The sensitivity analysis indicated that the parameters leakage reduction, operating costs and installation costs should be investigated in more detail to support a more reliable analysis and a more certain identification of the best alternative.

The discount rate generally affects the final outcome of a CBA and in this study, higher discount rates were associated with a higher risk of negative NPVs, however the order of the alternatives were not affected. One reason to assume a low discount rate is that a safe and reliable water system is an important long-term issue for society (Hanley and Barbier 2009).

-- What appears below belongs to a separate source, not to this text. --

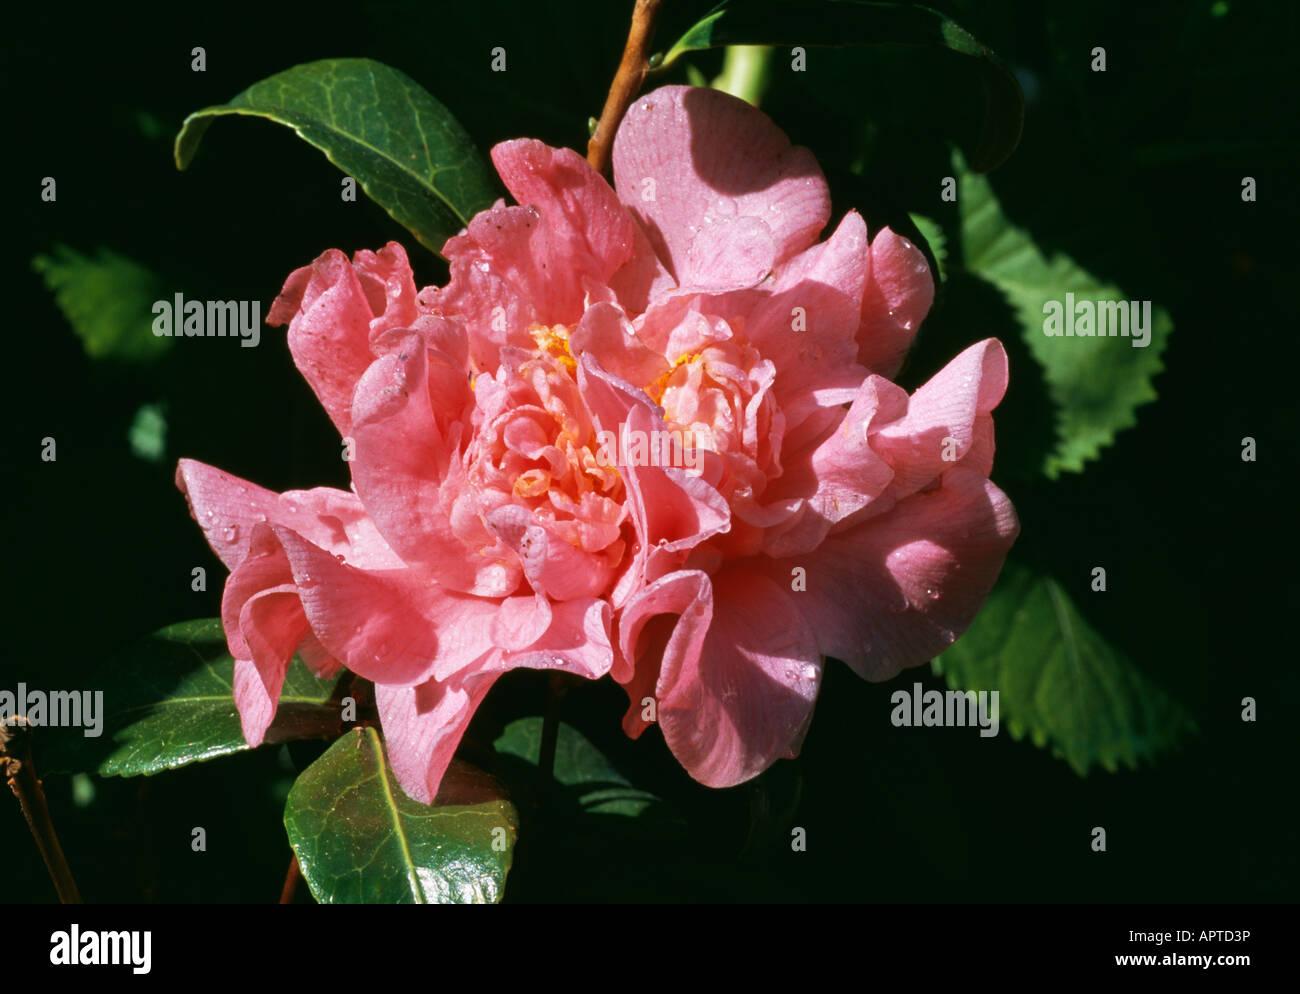 Kamelie Pfirsich-Rosa Rüschen-Regen Tropfen verdampfen unter Sonnenstrahlen Stockbild

The model used in this study included the externalities considered to be the most significant costs and benefits at the study site. As described in Ofwat (2008), external costs should always be considered and those who might be relevant should be included, even if they are uncertain. Moreover, if a reduced health risk to consumers, as a result of fewer leaks, is to be taken into account, this can be included in Eq. 2 (the benefits of the replacement alternative). However, in Gothenburg, no significant health risks associated with leakage repairs can be proven (Malm et al. 2013).

Leakage reduction can also be achieved using pressure optimization. In Gothenburg the current unavoidable annual real losses are 82 L per connection per day. If the pressure was reduced by 1–2 m in the low elevated zone, and by even more in some high pressure zones e.g. at night, the UARL could be reduced by approximately 4 %, to 79 L per connection per day. If the total loss was reduced to the same extent as the UARL, the leakage could be reduced by 32 L per connection per day, representing 12 % of the total water saving needed to reach the leakage target.

The case study of Gothenburg municipal WDS showed that reactively performing local repairs of water pipe leaks was significantly more economical to reduce leakage volumes than proactively replacing old pipes, despite a high overall leakage rate and abundant water resources. This finding supports the conclusion of Venkatesh (2012); that even in a system with high leakage rates, repairing broken pipes is more effective than a high replacement rate. The results in Gothenburg were also in line with Sánchez et al. (2005) and van der Kleij and Stephenson (2002), who found that having more personnel using traditional methods for leakage detection was more beneficial than installing permanent acoustic loggers.

The lower the leakage, the more difficult it is to detect by active leakage control. The level of the target for the Gothenburg utility is not questioned in this article, however, this study indicates that if more efforts were put into leakage control, this would result in a positive NPV and be a way to optimize the target level.

The results of this study will be very useful as a tool to support decisions relating to the DWS in Gothenburg. It has been shown that the utility could save money by investing in more technical equipment and/or employing more personnel. In times of high unemployment, more jobs represent an economic benefit not only for the utility but also to society.

5 Conclusions

Cost benefit analysis (CBA) is a useful tool for comparing measures when leakage control programs for WDS’s are designed. A CBA can compare all costs and benefits of different measures over the longer term.

Uncertainty analysis improves the results of a CBA when input parameters are not sufficiently known. Moreover, a statistical analysis of the best alternatives using the CBA method provides an important opportunity to identify the best alternative when multiple alternatives are close in performance and also to identify which input parameters that have the greatest impact on the total uncertainty.

In the case study for Gothenburg, reactively repairing rather than proactively replacing pipes was found to be significantly more cost-effective, despite a high leakage rate.